Dataset records:

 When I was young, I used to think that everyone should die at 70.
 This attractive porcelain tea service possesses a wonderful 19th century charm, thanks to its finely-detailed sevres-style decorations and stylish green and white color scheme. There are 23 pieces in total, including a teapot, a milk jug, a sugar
...
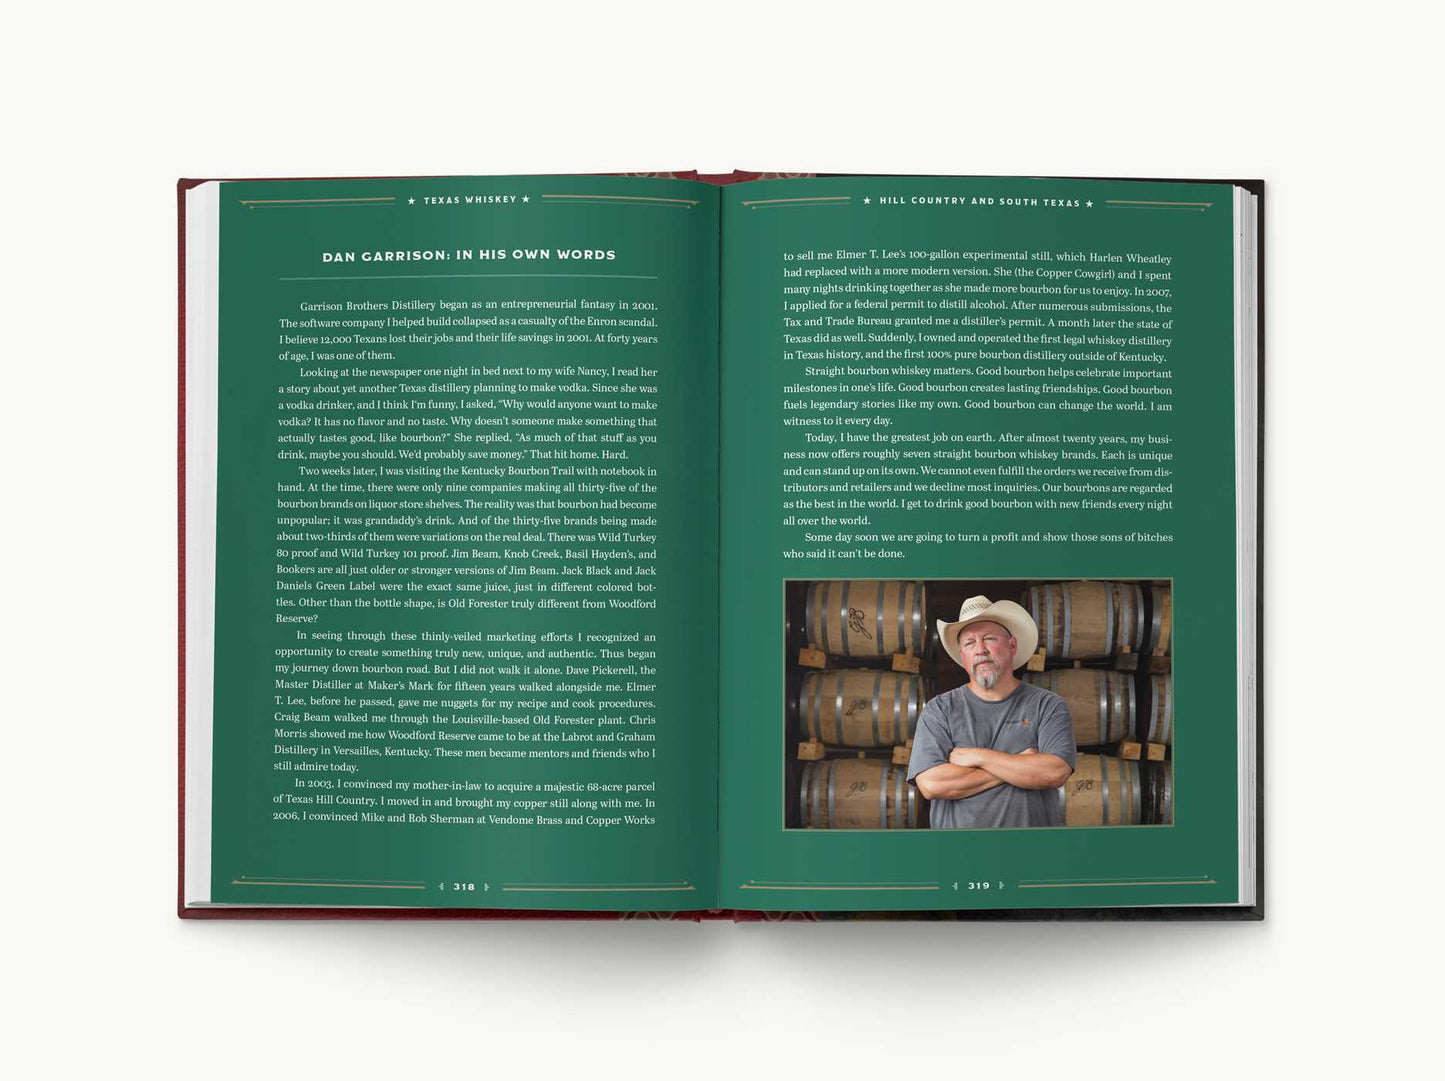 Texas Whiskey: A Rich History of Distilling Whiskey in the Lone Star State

What you need to do: Above are the records; from them, give again exactly the lines from the one containing "When I was young, I" through the one containing "This attractive porcelain", both included.

The answer:
 When I was young, I used to think that everyone should die at 70.
 This attractive porcelain tea service possesses a wonderful 19th century charm, thanks to its finely-detailed sevres-style decorations and stylish green and white color scheme. There are 23 pieces in total, including a teapot, a milk jug, a sugar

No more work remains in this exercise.